The GOP Was Trying to Become More Inclusive. Then Trump Happened.
Photo by Ty Wright/Getty
A smiling Marco Rubio shakes hands with Hillary Clinton after a sharp and personable performance in the most recent presidential debate. In the spin room, Bobby Jindal touts Rubio’s support for immigration reform and Chris Christie assures the base that a Rubio White House would be tough on crime while making sensible criminal justice reforms. On Fox News the next morning, vice presidential nominee Lindsey Graham chats about his plan to defeat ISIS without alienating American Muslims. Meg Whitman tweets her support. Donald Trump hasn’t been seen for months.
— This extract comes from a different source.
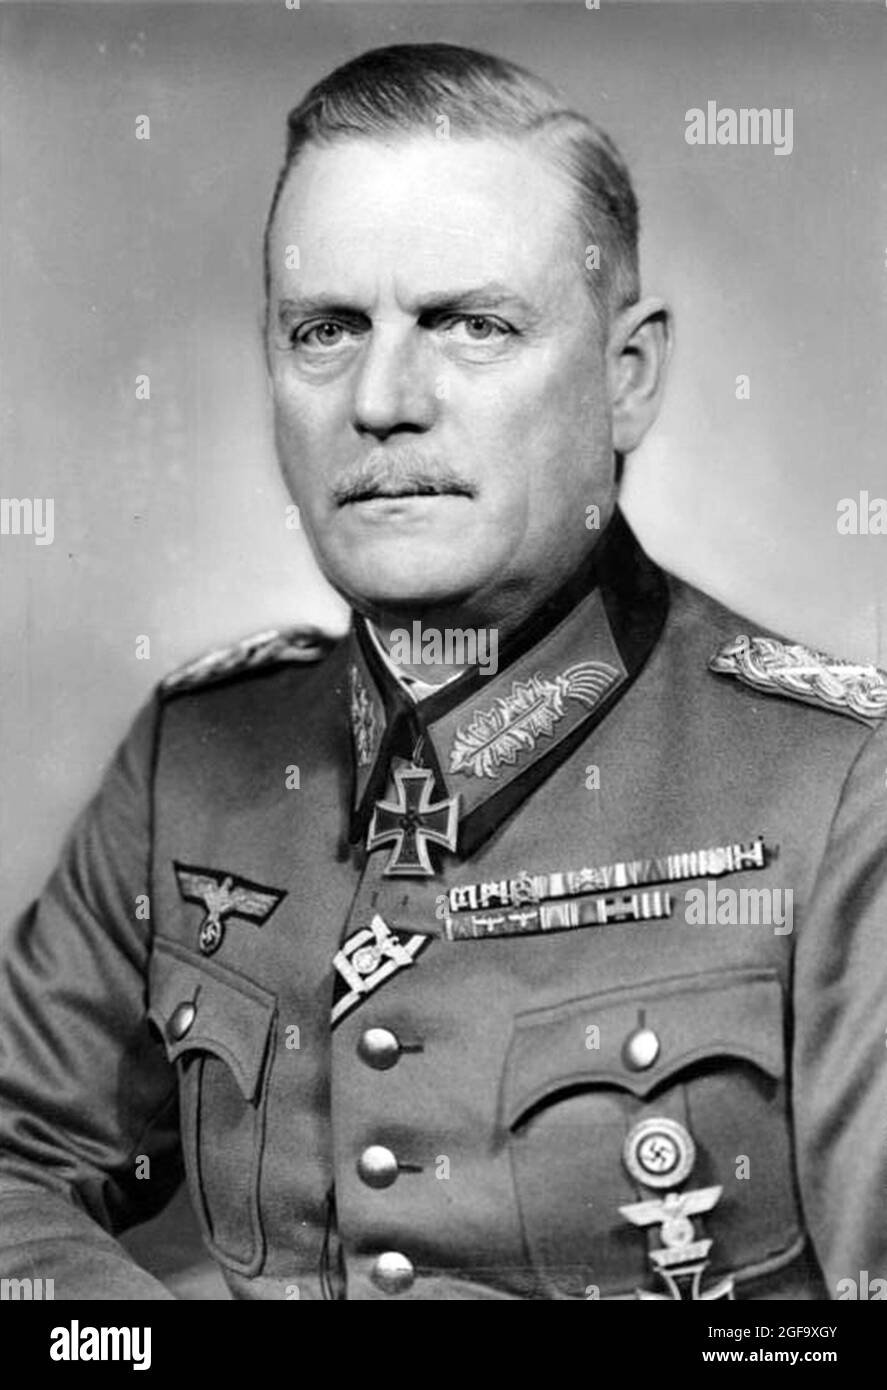 Un ritratto del capo dell'esercito tedesco delle forze armate Wilhelm Keitel. Fu catturato nel 1945, processato e impiccato a Norimberga nel 1946. Credit: Bundesarchiv tedesco Foto Stock

It’s three weeks till the 2016 election, and this is the alternate universe to which Reince Priebus escapes when it all gets to be too much. His party’s actual sleazeball of a nominee, who somehow hasn’t quit after a tape emerged of him bragging about sexual assault, is now publicly feuding with the Speaker of the House and many other prominent Republicans, so the RNC chairman must have been talking about some other reality when he said, “Everything is on course,” right?
At times like these, Priebus must think wistfully of the Growth & Opportunity Project, the “autopsy” he commissioned after Mitt Romney lost the 2012 presidential election. The report, delivered in 2013, prescribed a new path for the GOP, which Priebus hoped would lead to a new era of inclusivity. Today, it reads like an alternative history, a lament for the road not taken.
The 97-page document openly stated the party’s biggest problem: it could easily appeal to older voters and white men, but most other groups tended to believe that “the GOP does not care about them.”
“Young voters are increasingly rolling their eyes at what the Party represents,” the report says, noting that nobody under the age of 51 had been eligible to vote when Ronald Reagan first ran for President. “We sound increasingly out of touch.”
Stances like opposition to gay marriage, it said, were non-starters with demographics the party needed to win. Likewise, immigration reform and a more welcoming tone would be required if Republicans ever hoped to make headway with Hispanic voters:
“If Hispanic Americans perceive that a GOP nominee or candidate does not want them in the United States (i.e. self-deportation), they will not pay attention to our next sentence.”
Remember, in 2013 “self-deportation” was still the craziest thing someone wishing to be taken seriously could propose regarding immigration. It was a simpler time.